Figure 1.

The FPC is essential for the maintenance of heterochromatic gene silencing

(A) Illustration of the FPC (Mrc1, Swi1/Tof1, Swi3/Csm3) at the replisome, showing the CMG helicase (MCM2-6, Cdc45), Mcl1/Ctf4, DNA primase (Polα), and polymerase epsilon (Polε).

(B) Heterochromatic mating-type region between the IR-L and IR-R boundaries depicting the silent mating-type cassettes mat2-P and mat3-M, Kint2::YFP and (EcoRV)::mCherry fluorescent reporter genes, RNAi-dependent nucleation center cenH, Atf1 transcription factor binding sites, and REII and REIII silencing elements.
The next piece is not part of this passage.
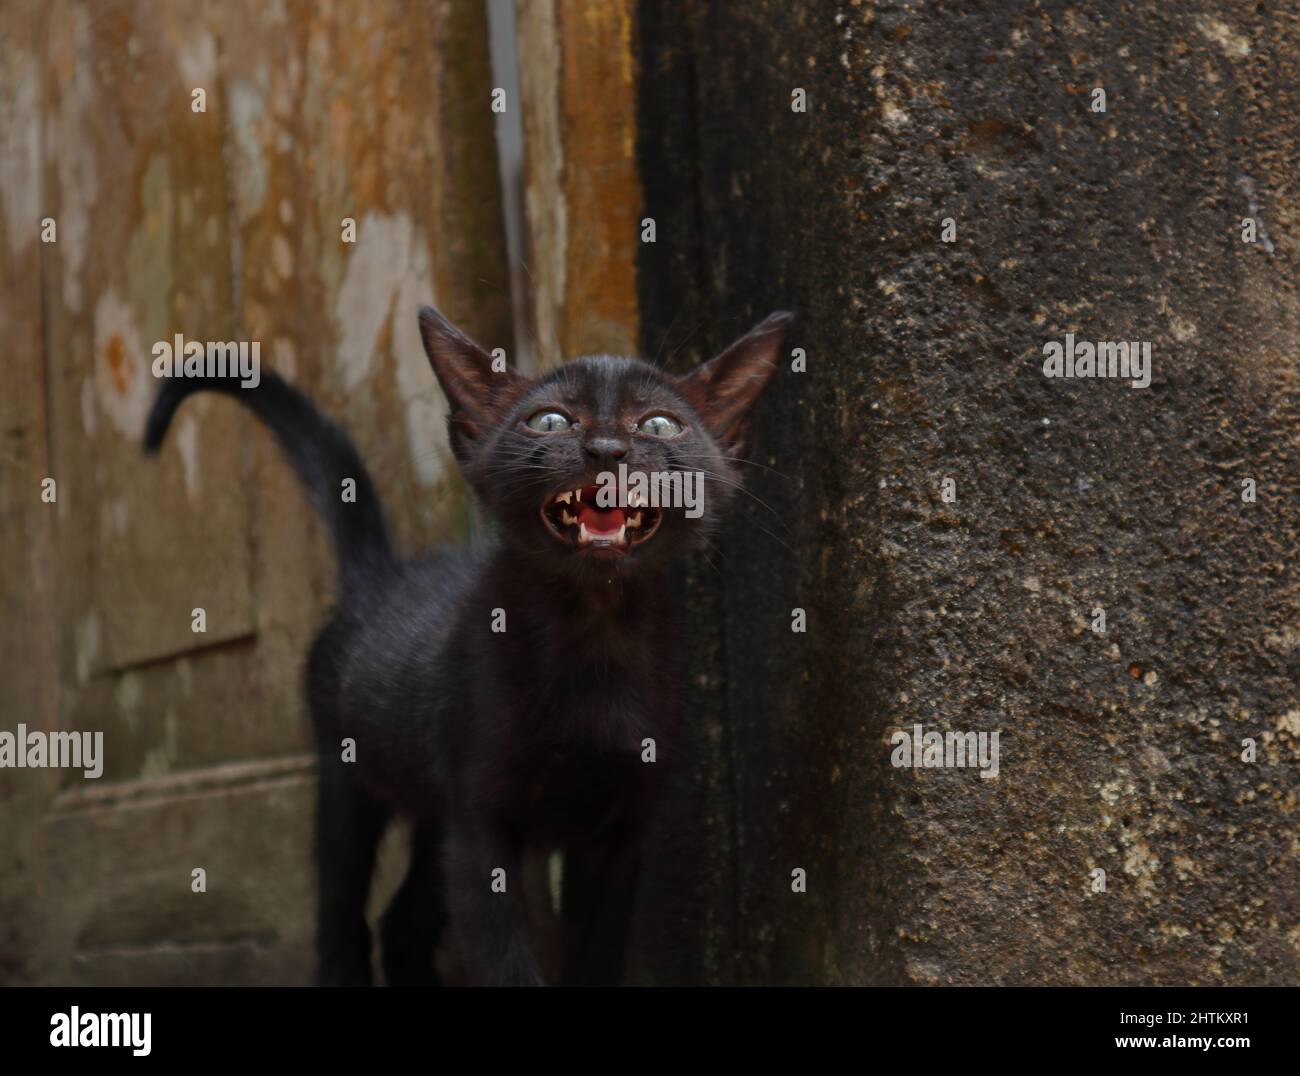 Below view of a black Kitten's face with mouth parts including tongue, kitten walking towards the camera while crying big meow Stock Photo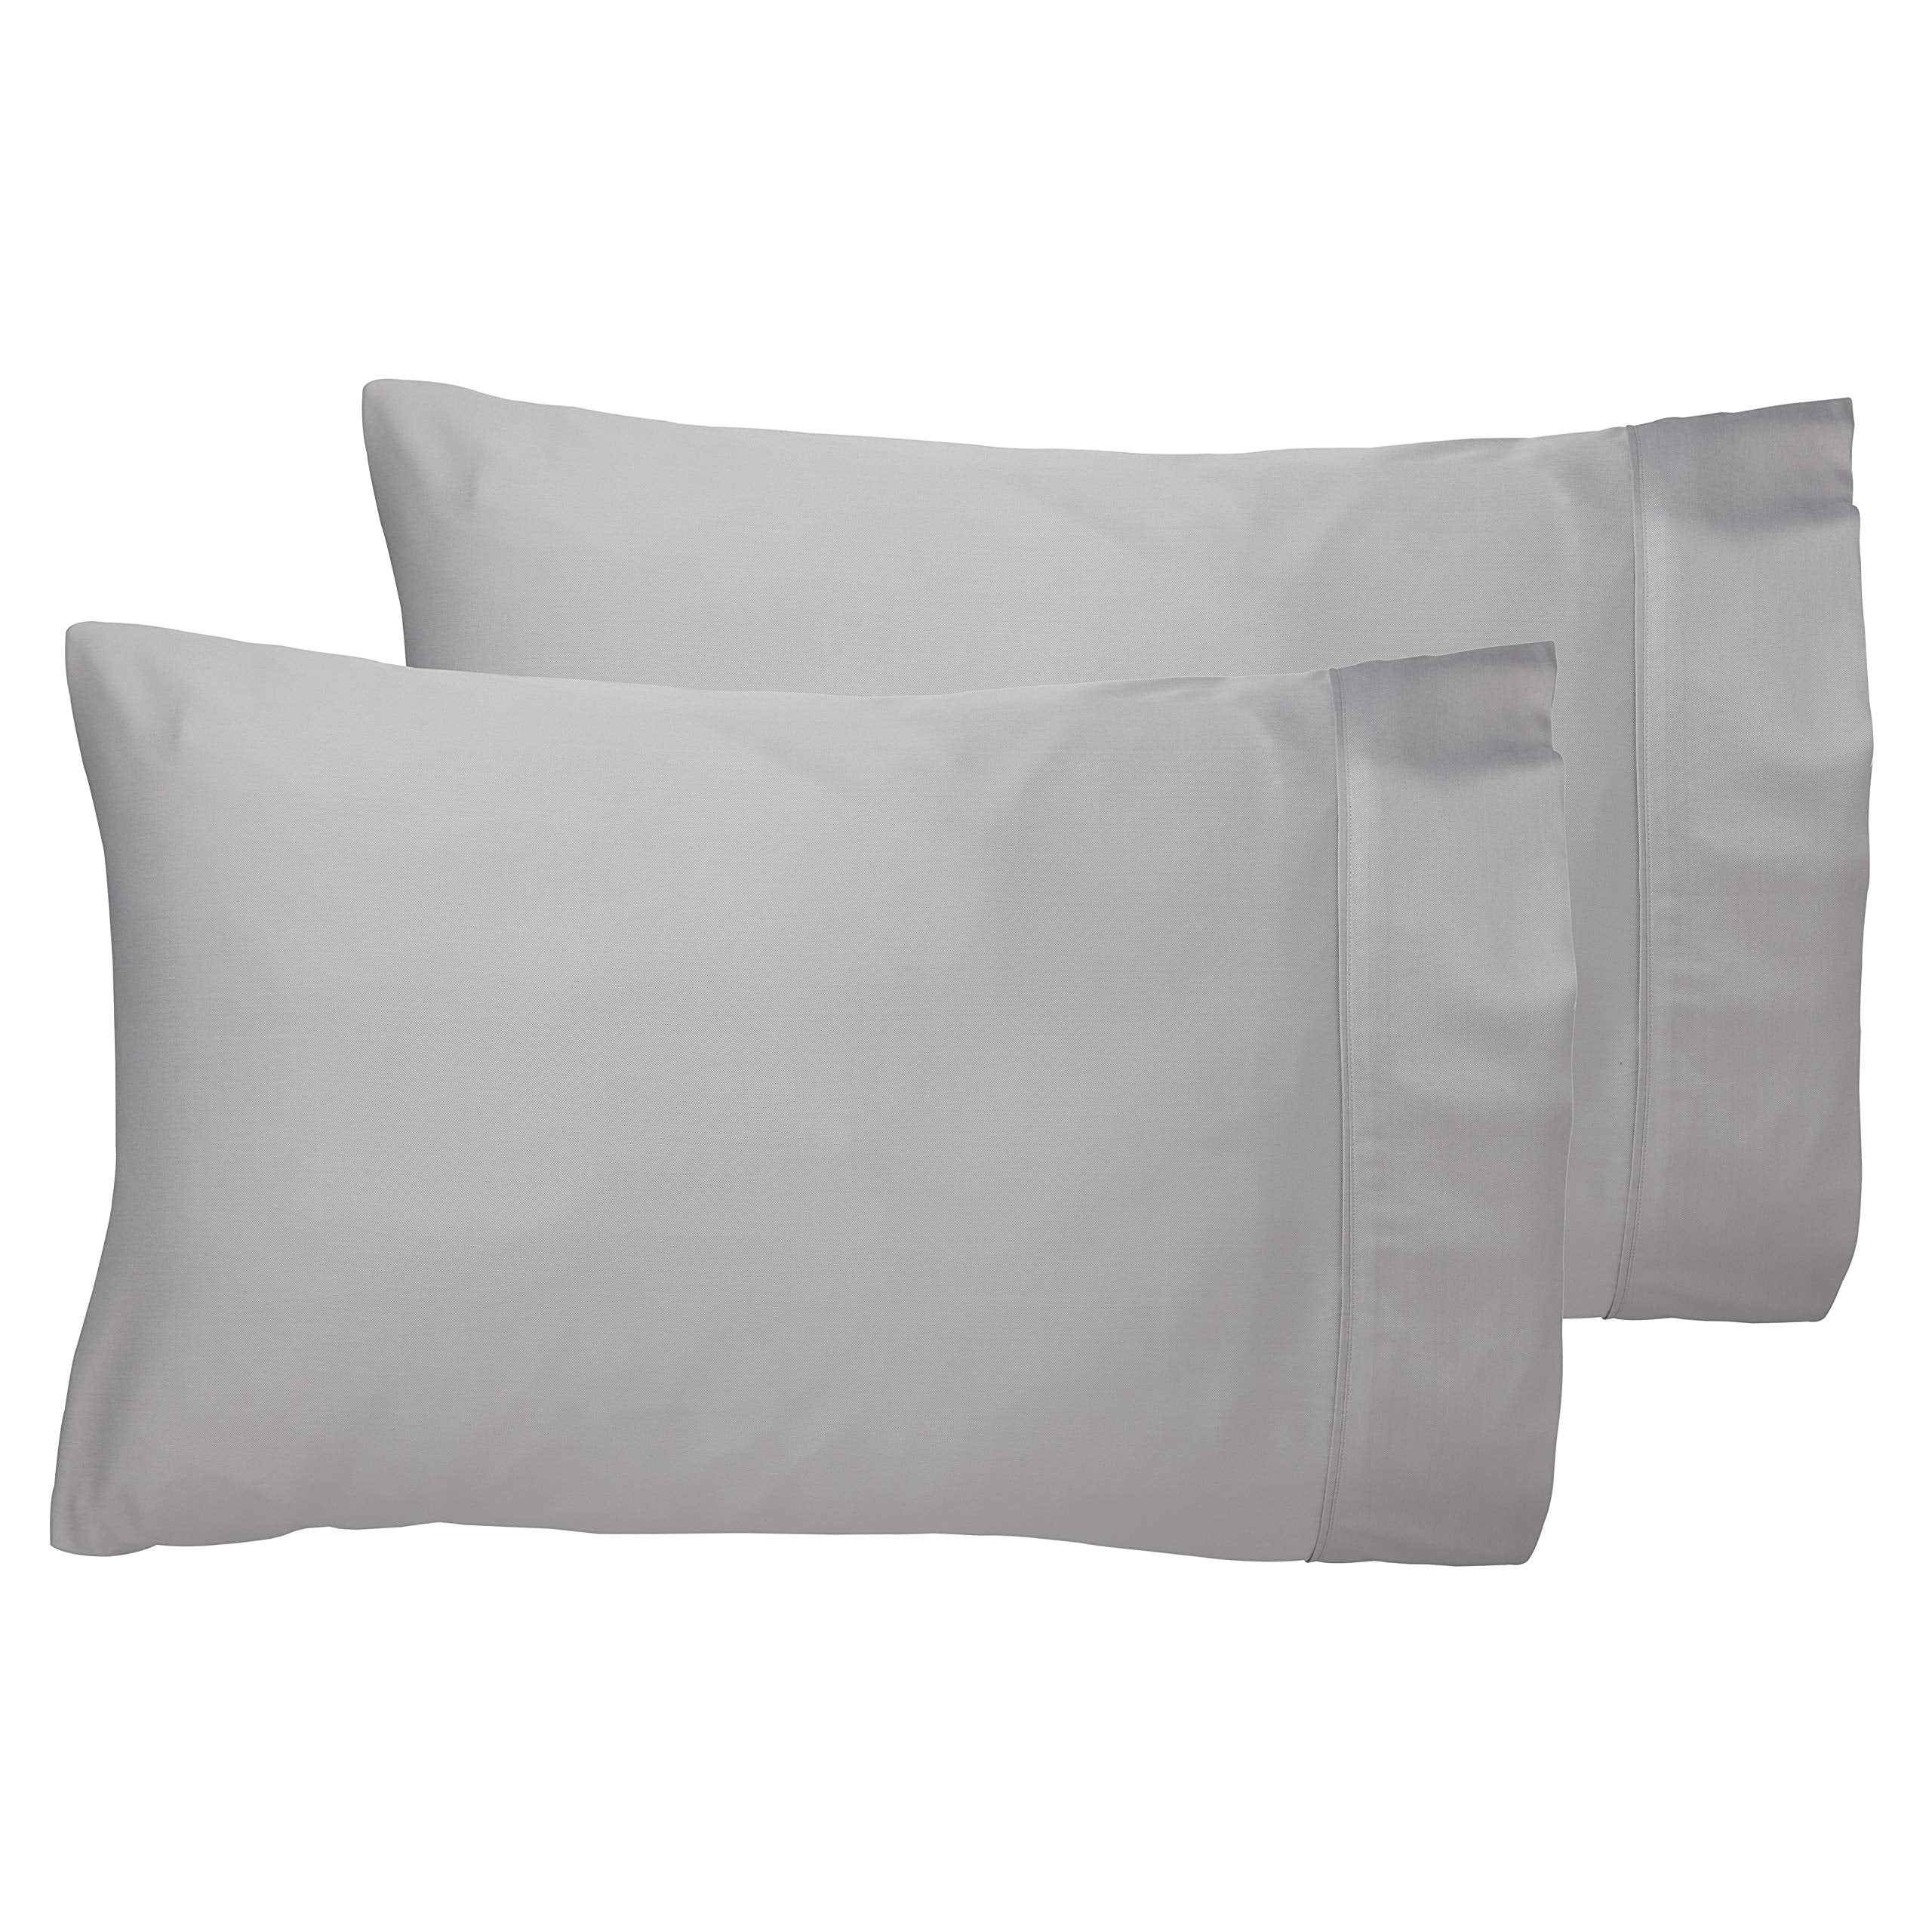 100% Bamboo Bed Linen - Luxury Pillowcases - Housewife Style (Set of 2) (Soft Grey)

(C) Establishment of mCherry silencing following clr4⁺ reintroduction in FPC mutants.

(D) Cells with derepressed reporters in clonal cultures of FPC mutants (n = 6). Data are represented as mean ± SD.

(E) Micrographs of FPC mutants expressing mCherry. Scale bar: 10 μm.

(F) Histograms of mCherry fluorescence (mean, black; replicates n = 6, red).

(G) Interpretation of loss-of-silencing events in (H). The mCherry locus asymmetrically loses heterochromatic silencing in S phase, and the protein production starts in G2 (top cell). The expressed (mCherry ON) and repressed (mCherry OFF) chromatids segregate to sister cells. In subsequent cell divisions, mCherry protein is produced in the ON lineage (blue arrows) but is diluted in the OFF lineage (yellow arrows).

(H) Loss of silencing in the mrc1Δ mutant followed by time-lapse microscopy. White arrowheads point to cells experiencing a loss-of-silencing event. Blue arrowheads point to ON cell lineages and yellow arrows point to OFF lineages. Yellow arrows are omitted at 10 h for clarity. Scale bar: 10 μm.